Hungarian journalist and politician

Erzsébet Menczer (born 29 September 1961) is a Hungarian journalist and politician, member of the National Assembly (MP) for Óbuda-Békásmegyer (Budapest Constituency III) from 2010 to 2014. She was a member of the Committee on Cultural and Press Affairs since 14 May 2010. She became a member of the Defence and Internal Security Committee on 11 February 2013.
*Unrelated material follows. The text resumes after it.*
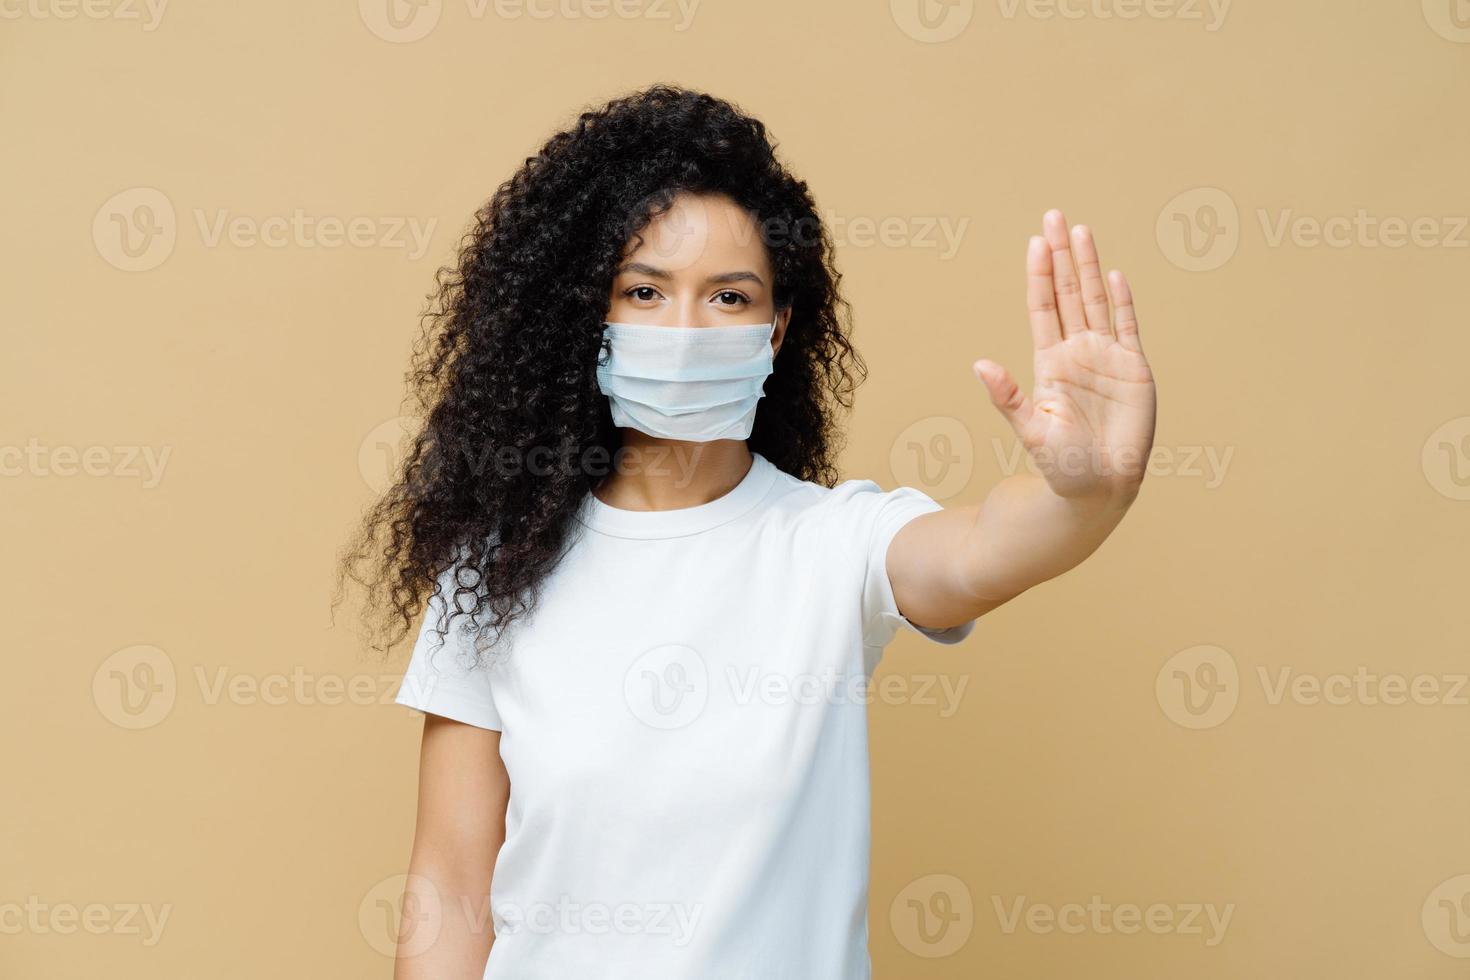 seriös mörkhyad kvinna gör en stoppgest, drar handflatan mot kameran, bär medicinsk influensamask, ber stanna hemma att inte sprida coronaviruset, förhindrar virus, klädd i vit t-shirt. foto

She was defeated by Socialist politician László Kiss in the 2014 parliamentary election. Before the election, it was revealed that Menczer's son and his fiancée were received municipal flats illegally by the local government in Békásmegyer. During the voting, Menczer also voted in favour of renting. Later in March 2014, the Democratic Coalition (DK) accused that one of their activists was physically assaulted by Menczer during a campaign event. Menczer denied and refused the charges. Menczer again ran as a candidate in Óbuda-Békásmegyer constituency, but was defeated by Dialogue for Hungary (PM) politician Tímea Szabó in the 2018 parliamentary election.

==Personal life==
She is married and has two children.